Eleven years ago, Australia had so much strength in depth that it timetabled the women's triathlon as the first event of the Sydney Games hoping to get off to a gold medal start.

However, hot local favorite Michellie Jones had to settle for silver behind Swiss outsider Brigitte McMahon, while Canadian Simon Whitfield won the men's event with none of the pre-race favorites among the medals.

In Athens in 2004, the heat and a hilly course gave a lift to the strong cyclists, enabling veteran Hamish Carter to lead home a surprise New Zealand one-two ahead of Bevan Docherty and Austrian long-shot Kate Allen to come from 28th place after the bike leg to win the women's race.

Spaniard Javier Gomez had swept all before him going into the 2008 Games but, hampered by injury, could finish only fourth as Germany's Jan Frodeno produced the run of his life to win.

It was a similar story in the women's race where 2007 world and European champion Vanessa Fernandes of Portugal was edged out by Australian Emma Snowsill.

The down-to-earth Brownlee brothers are not about to waste time worrying about any sort of "Olympic jinx" though as they continue the day-by-day approach that has worked so well for them so far in their medal-laden careers.

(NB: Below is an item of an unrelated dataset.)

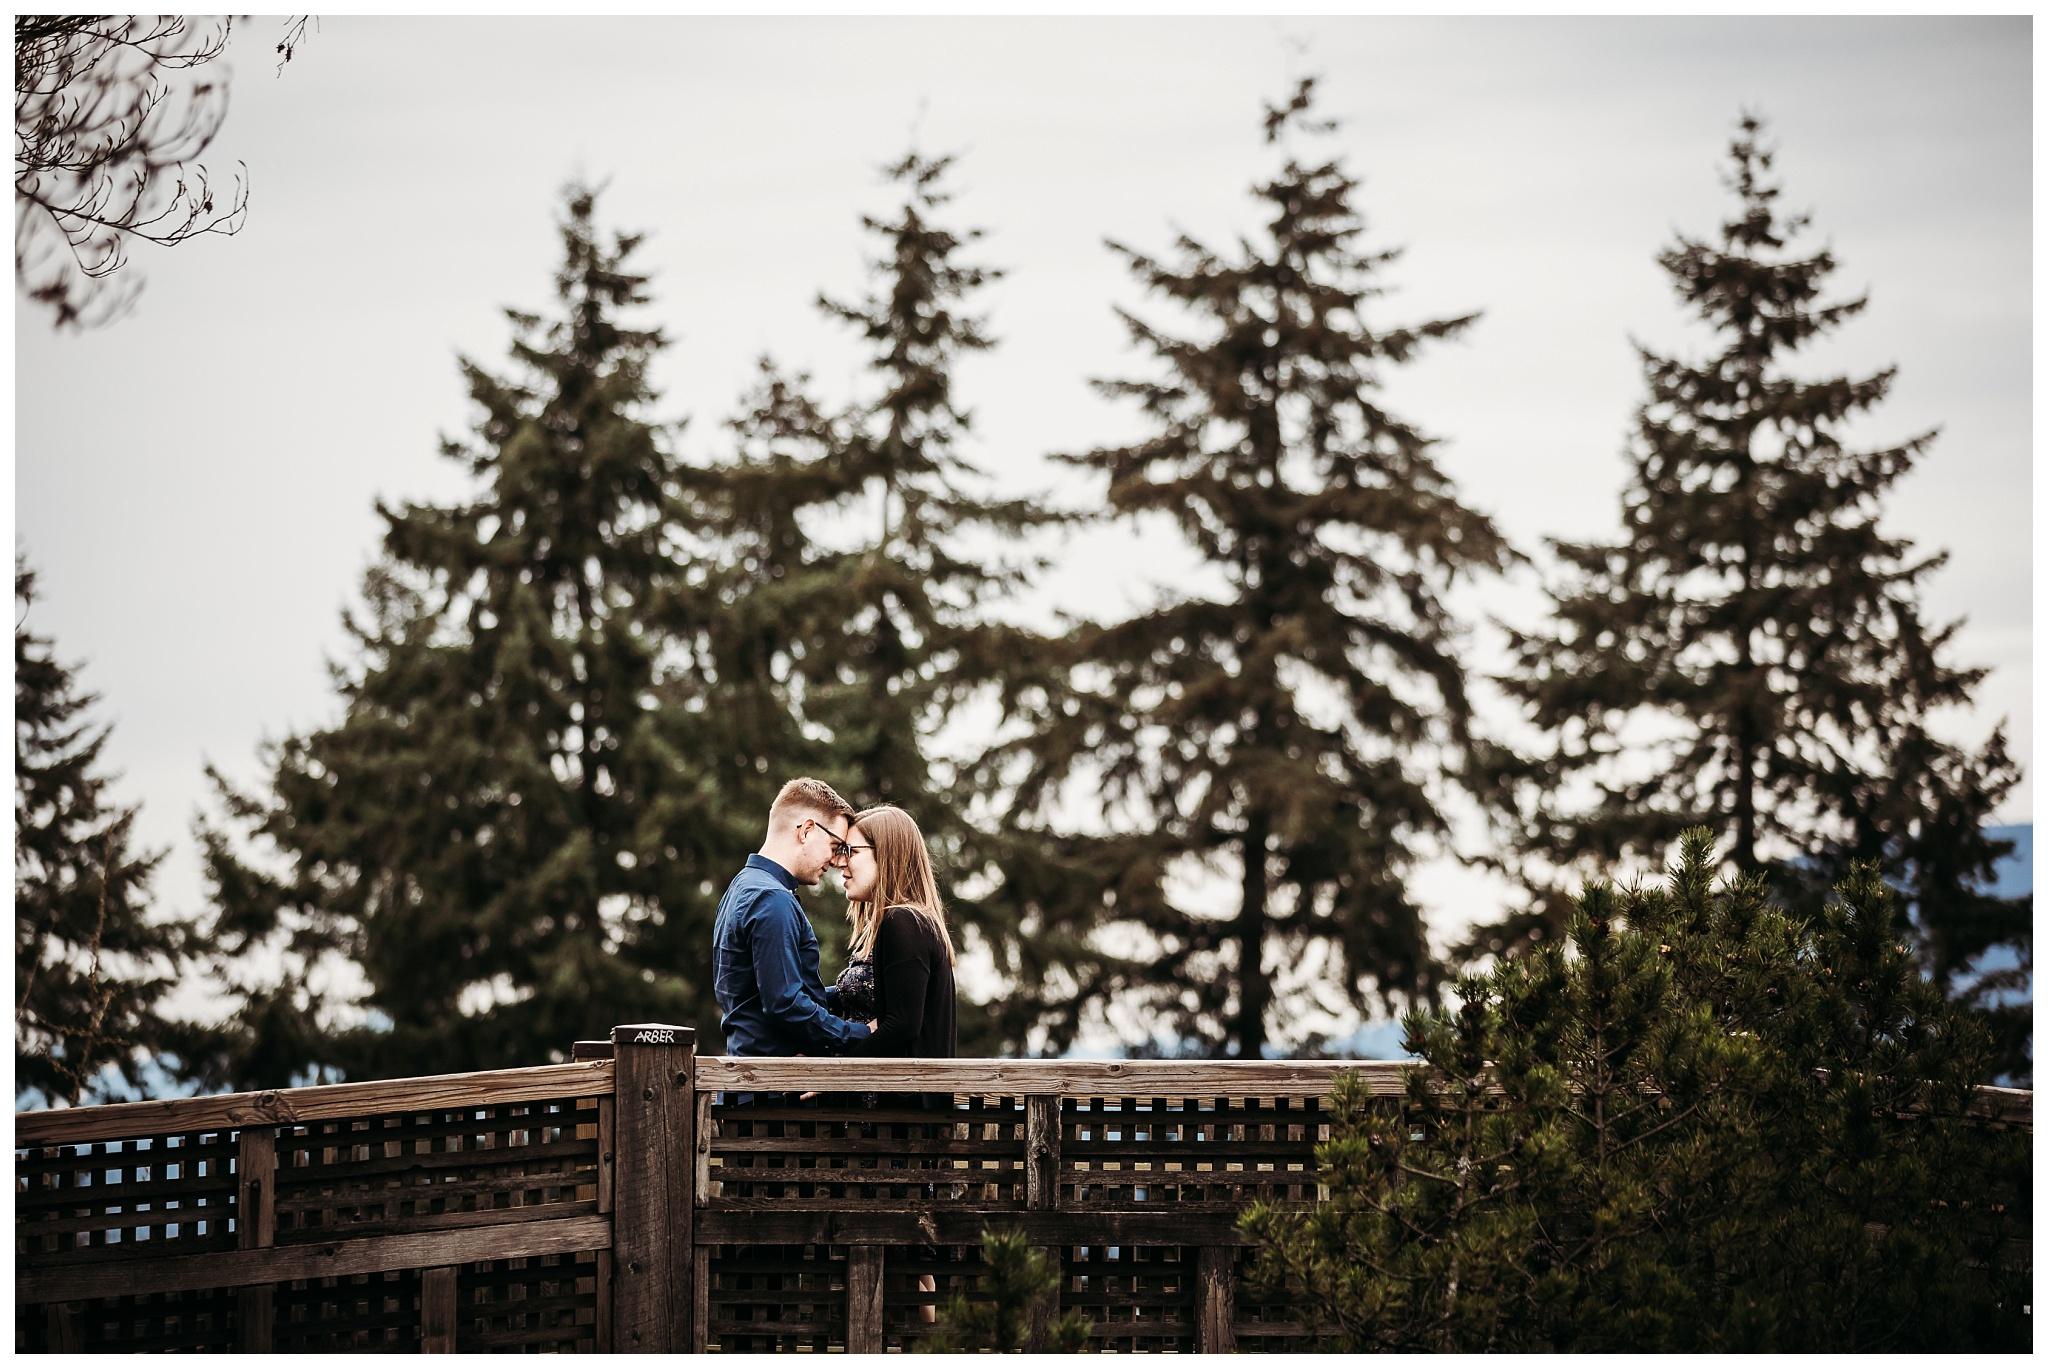 Queen Elizabeth Park Spring Engagement Photography Cherry Blossom Photos Couple Romantic_0004.jpg

"The same result (as on Sunday) would be brilliant and a one-two would be amazing, but the Olympics is a year away and anything can happen," Alistair Brownlee said after his emphatic win in front of about 50,000 fans along the course.

"All we can do is keep working hard, prepare properly and hope we can both get to the start line in good condition.

"It's a flat bike course, it's not that technical but a break got away today so a break could get away next year and it could have got away today without me in it so it's important to cover every eventuality."

Brownlee senior controlled the race from start to finish on Sunday, surprisingly escaping in a group of four which opened a gap of almost a minute before finishing 14 seconds ahead of the pack containing almost all the remainder of the 65-man field.

"I was really surprised we got away, I didn't even really try," he said. "I was just following the wheel in front of me, then we got a bit of a gap and suddenly it jumped up to a minute and I was as amazed as anyone.

"I stopped working completely then, trying to make sure Jonny still had the chance of getting on the podium as well."

Sunday's race was being used by many countries as an Olympic qualifier and the fact that many athletes were racing mainly to secure their berth gave it an unusual character.

"Nobody was really working," Jonathan Brownlee said of the chase pack he was in on the 40 km bike leg.

"I think a lot of strong cyclists were happy to settle for top-10 or whatever their Olympic qualification was - a lot of people were looking at each other and thinking about their countrymen, not wanting to work too hard if a teammate wasn't.

"That was good for Alistair and it worked out well for me, but it won't be like that next year."